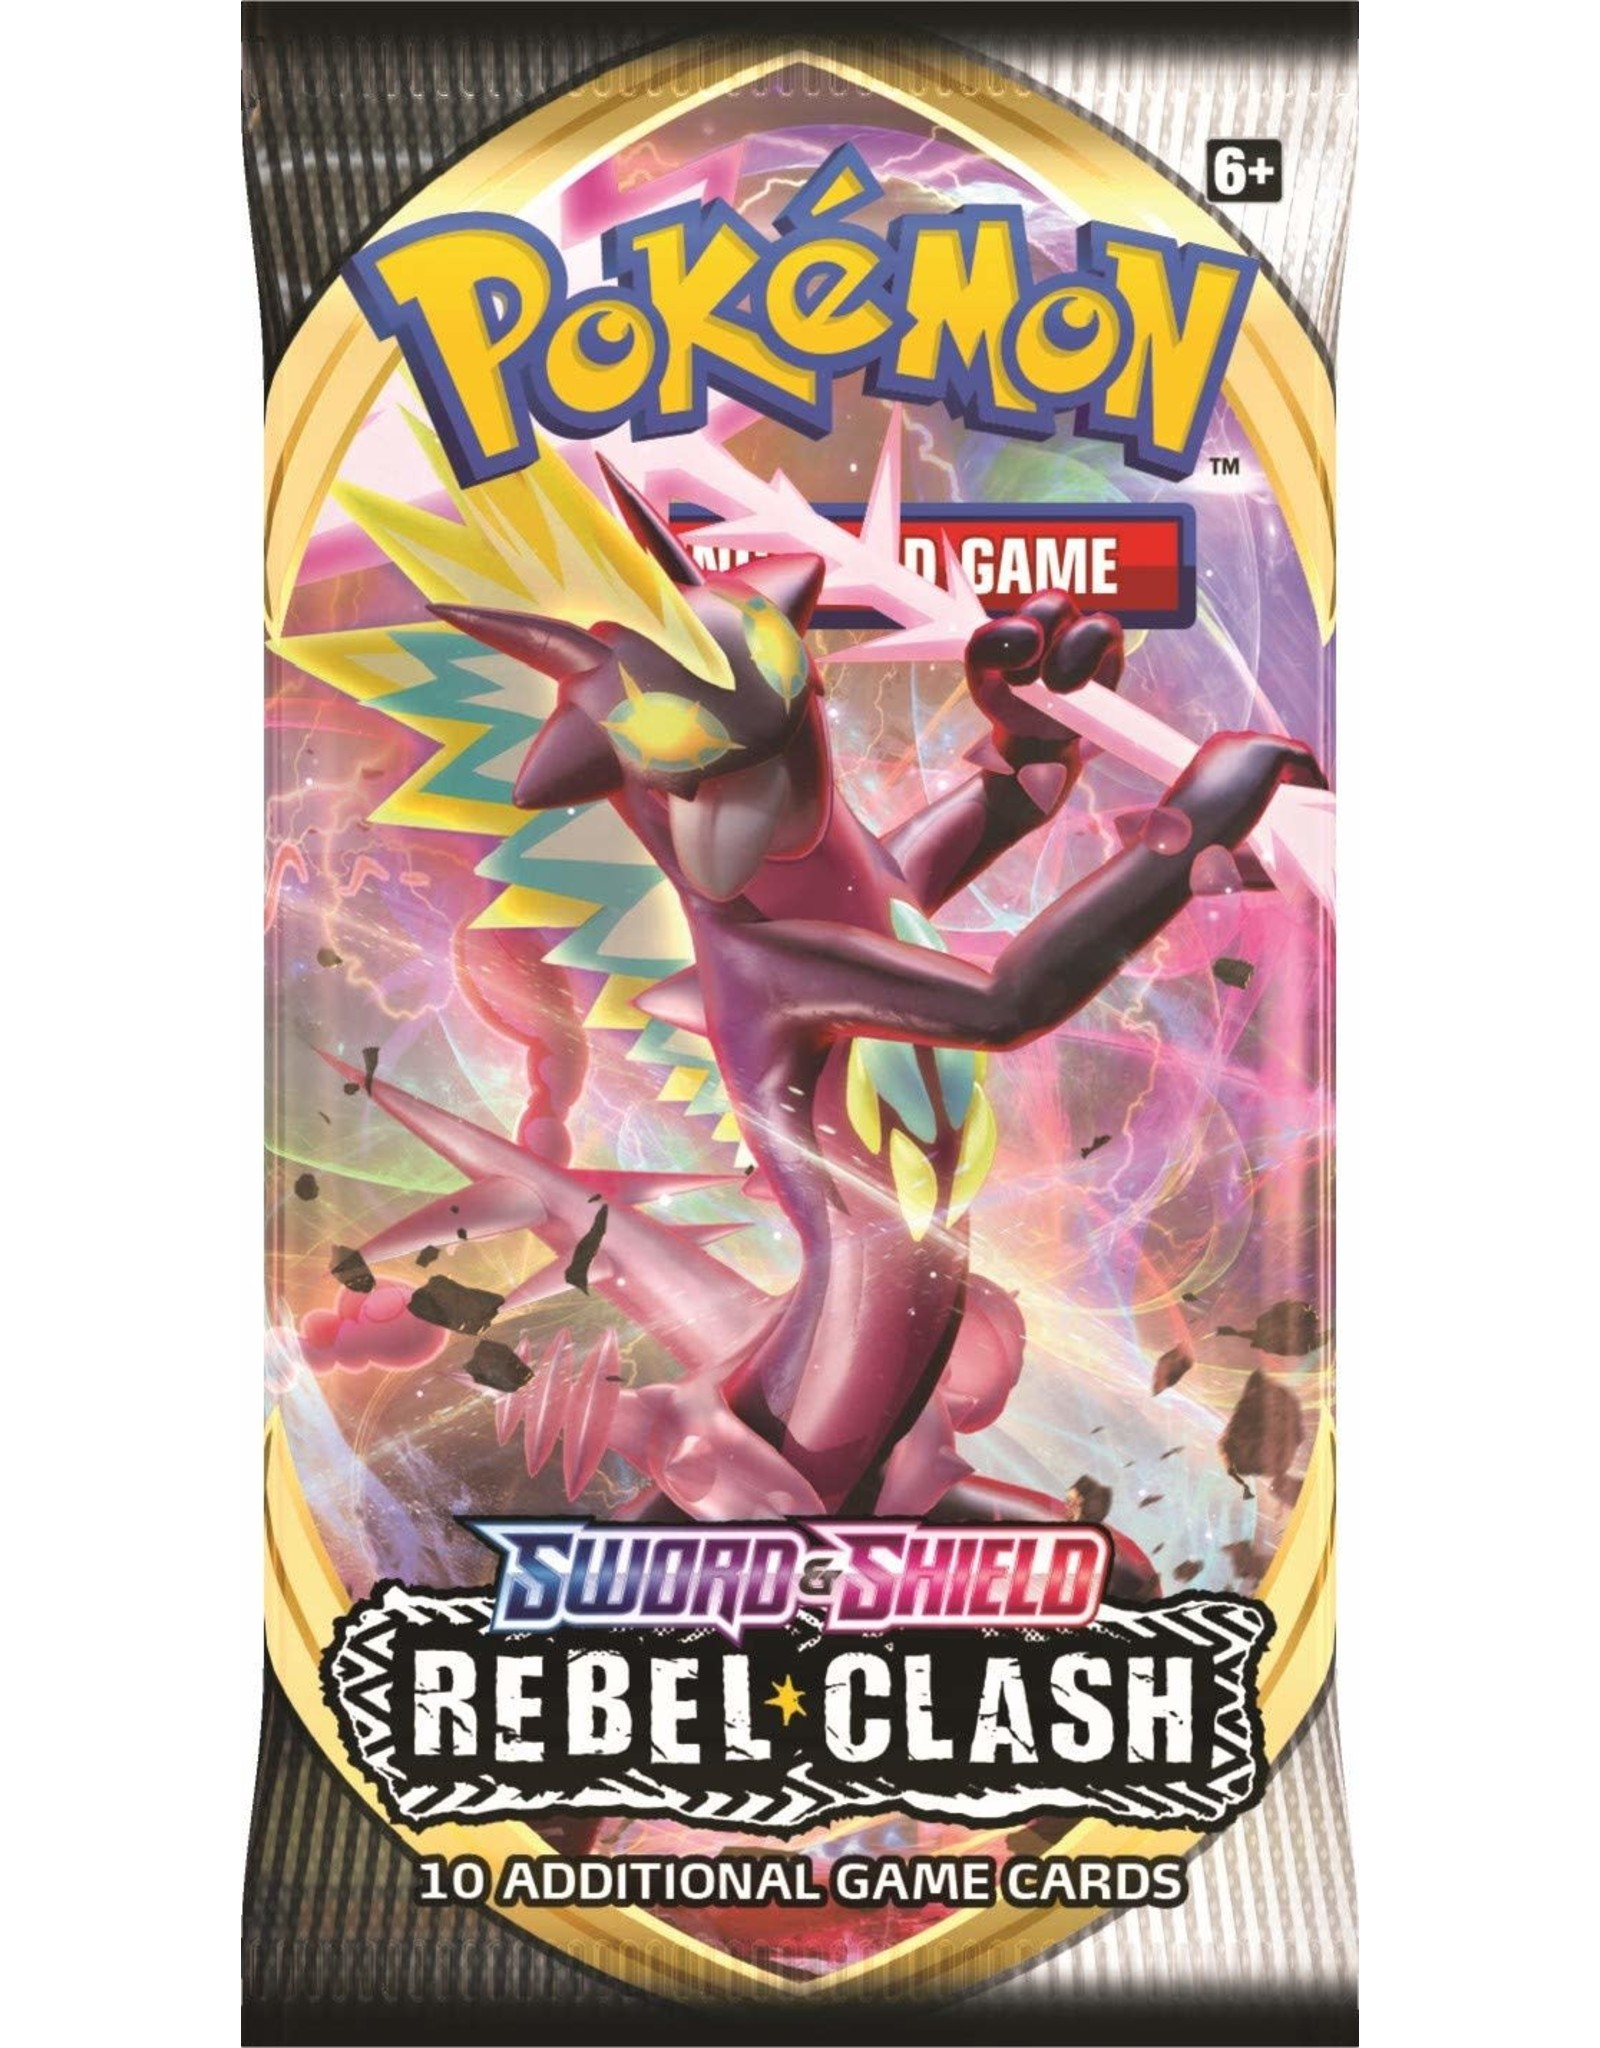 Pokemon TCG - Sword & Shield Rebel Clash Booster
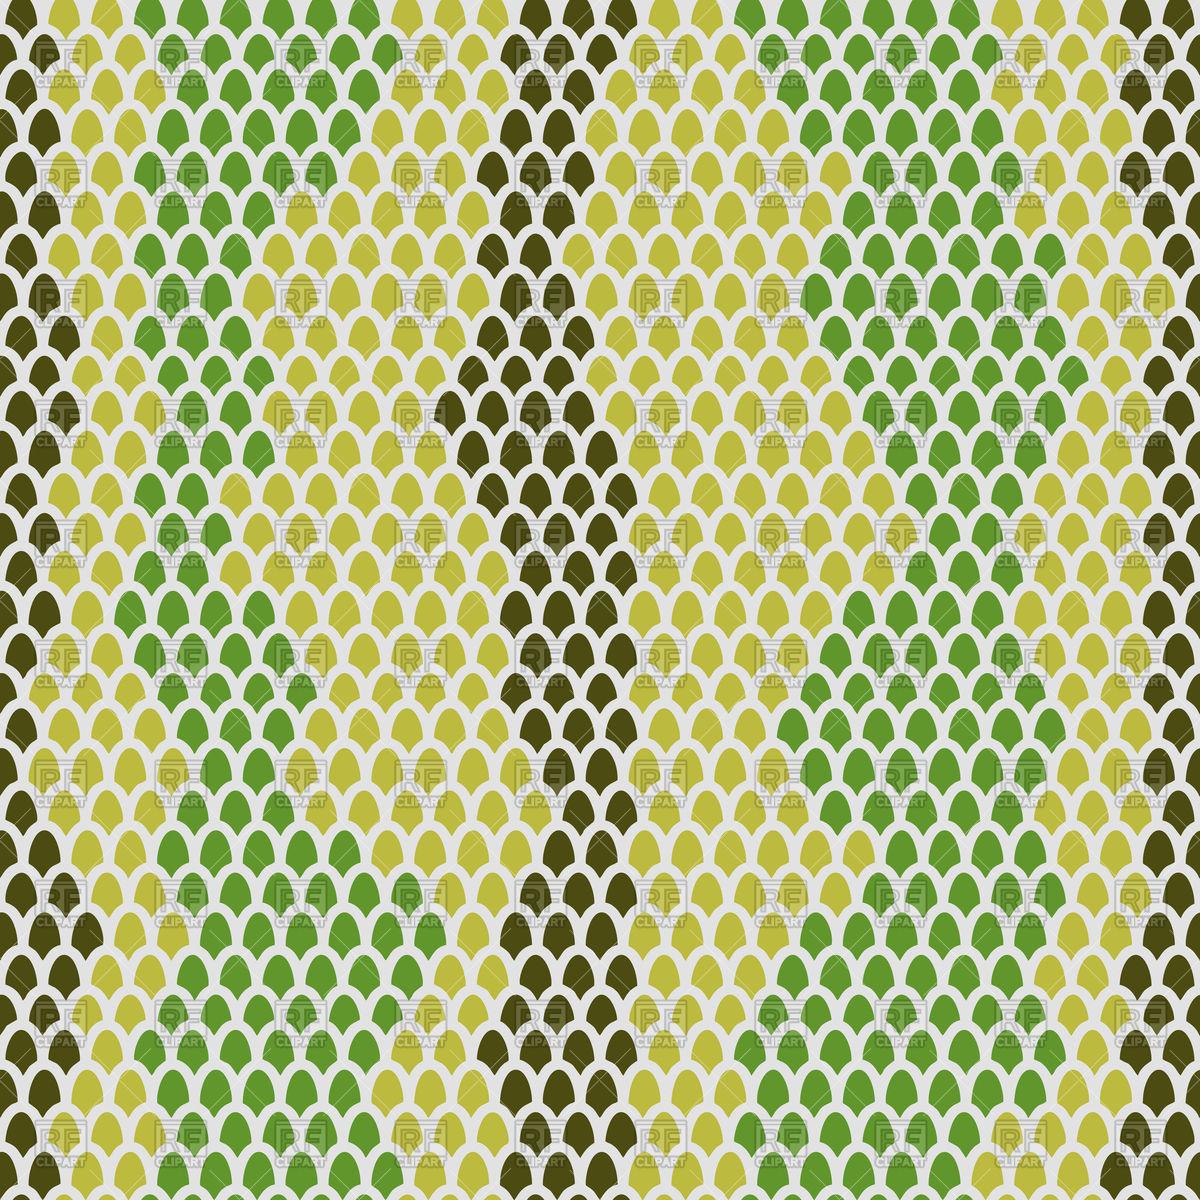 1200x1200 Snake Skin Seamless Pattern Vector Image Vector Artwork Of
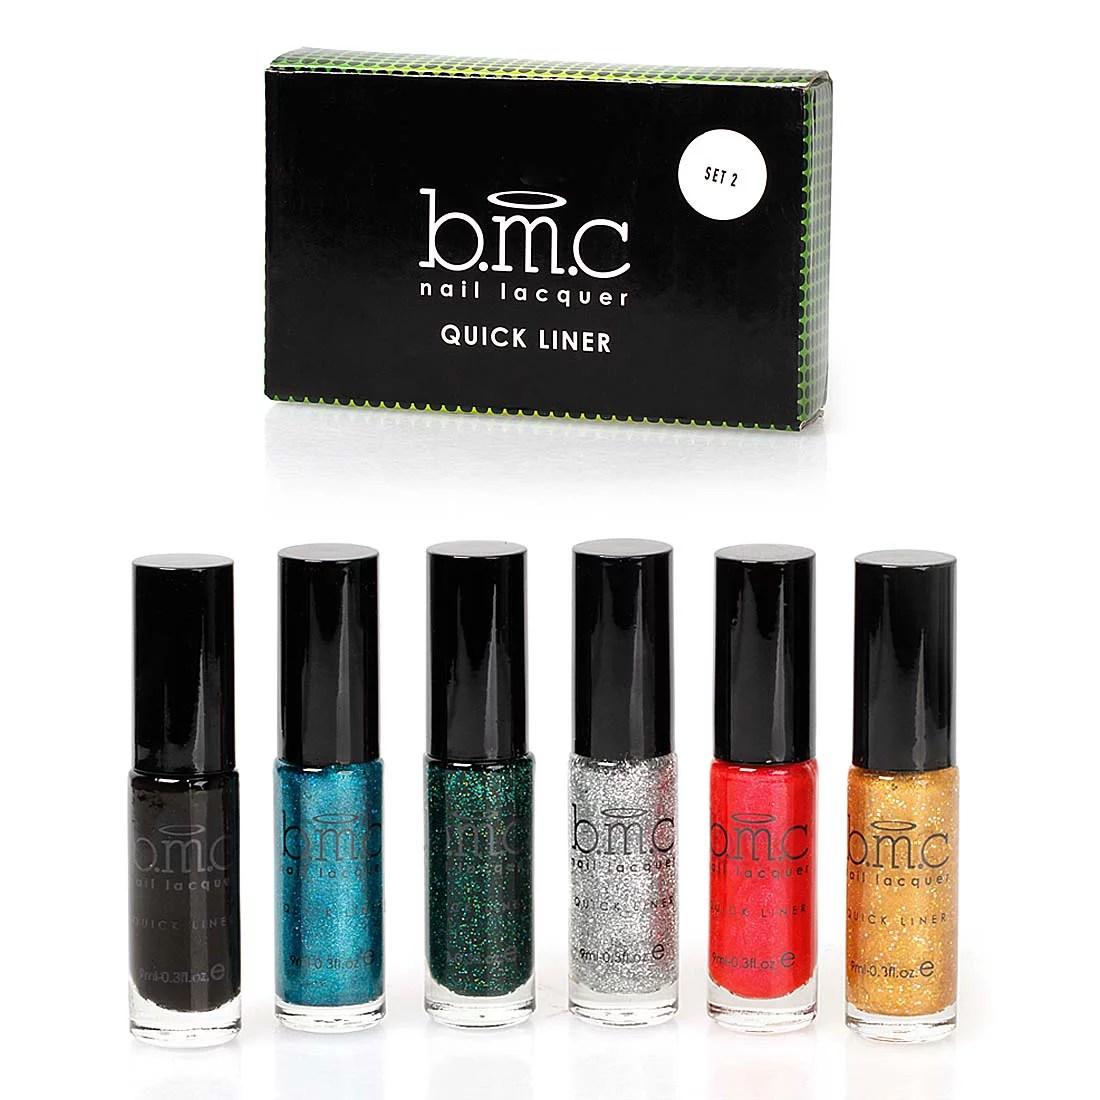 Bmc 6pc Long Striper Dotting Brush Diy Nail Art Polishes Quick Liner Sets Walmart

........

Problem requirements —
Repeat the material above word for word; no images go in the copy.

Answer for the task —
 Pokemon TCG - Sword & Shield Rebel Clash Booster
 1200x1200 Snake Skin Seamless Pattern Vector Image Vector Artwork Of
 Bmc 6pc Long Striper Dotting Brush Diy Nail Art Polishes Quick Liner Sets Walmart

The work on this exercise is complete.